Analysing protein–protein interaction networks of human liver cancer cell lines with diverse metastasis potential

Hai-jun Zhou 1, Yin-kun Liu 1,, Zhuozhe Li 2, Dong Yun 3, Qiang-ling Shun 1, Kun Guo 1
PMCID: PMC12160911  PMID: 17458561

Abstract

Purpose

Human hepatocellular carcinoma (HCC) is one of the most mortal tumor. In a previous study, we had constructed glycoprotein expression profiles and glycoprotein databases of three human liver cancer cell lines with diverse metastasis potential. In order to discover vital glycoproteins related to pathogenesis and metastasis of HCC, in this study we analyzed previous data with bioinformatic approach.

Methods

We took previous data to draw the protein–protein interaction (PPI) networks of liver cell lines by searching IntACT database and then using Pajeck software.

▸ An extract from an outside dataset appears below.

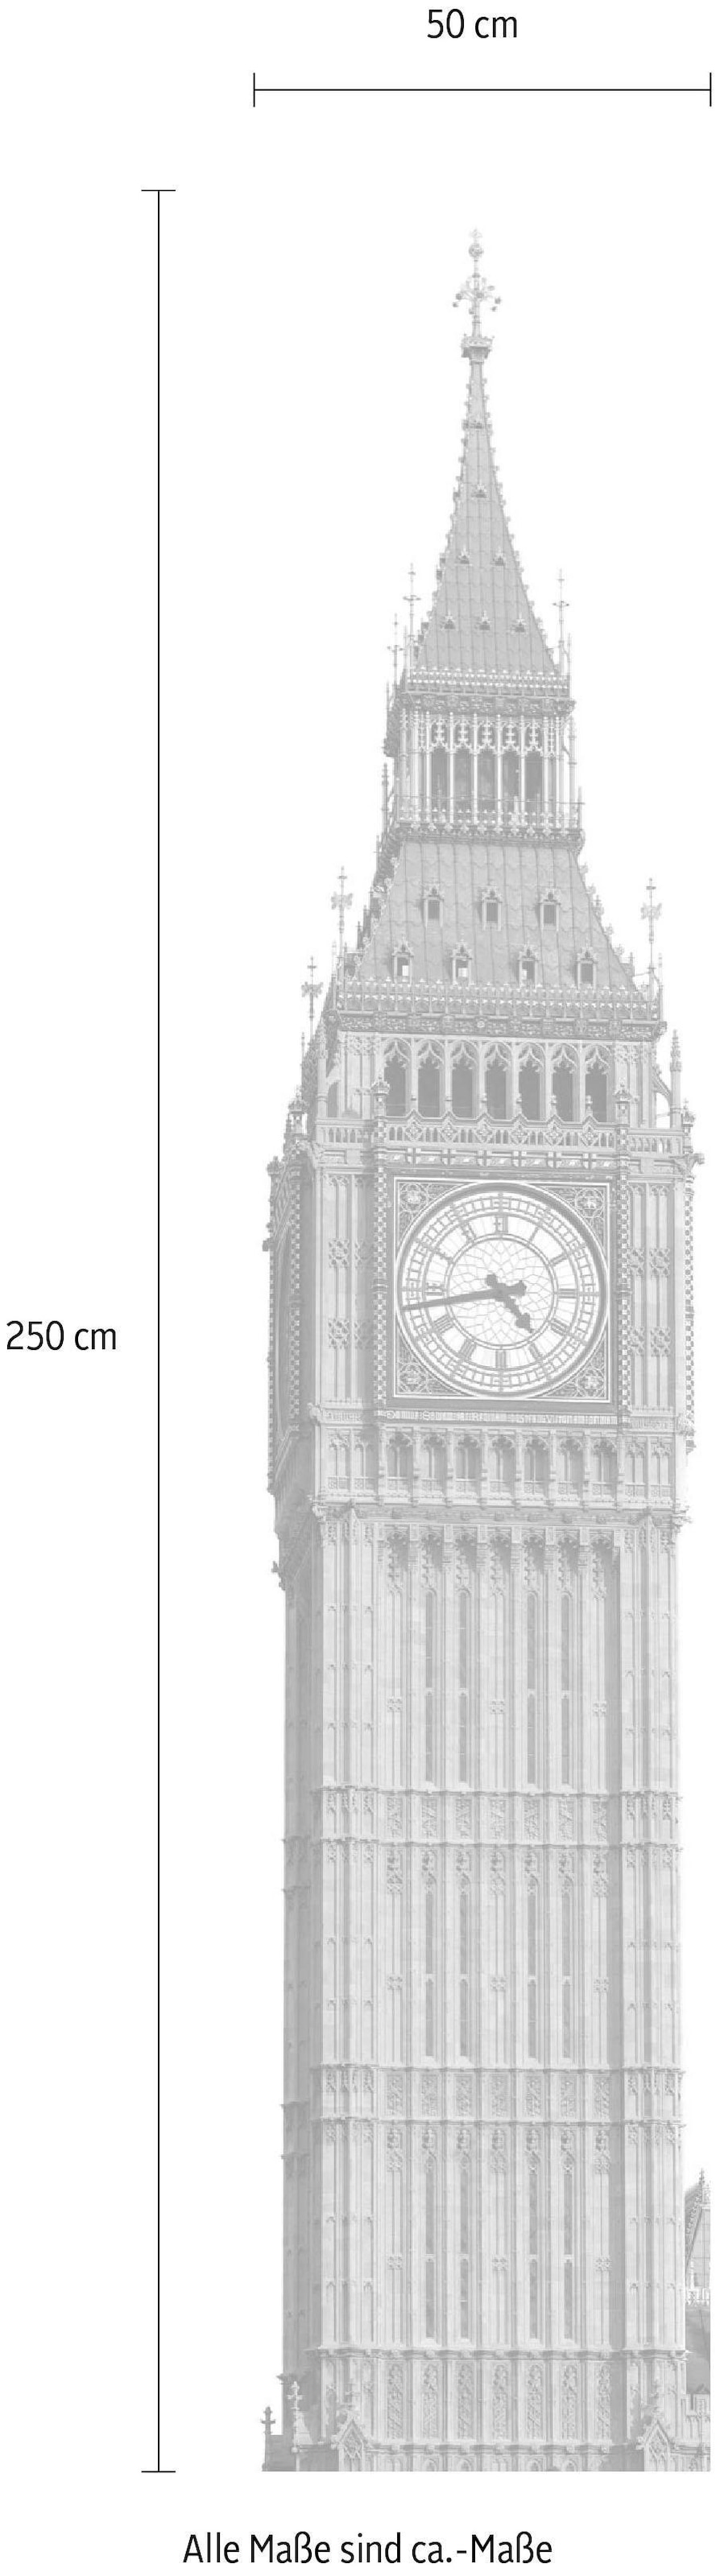 Komar Vliestapete »Big Ben«, 50x250 cm (Breite x Höhe)

Further more, we compared the differences between the three PPI networks by drawing the PPI networks of differential glycoproteins and by naming differential display PPI networks.

Results

Large numbers of proliferation and apoptosis-relative proteins interact with the differential glycoproteins, and among the differential glycoproteins there are many interactions.

Conclusions

We conclude that neither single nor several proteins cause malignant proliferation of liver cells. “Molecule groups” concept should be introduced into diagnosis and metastasis prediction of the HCC.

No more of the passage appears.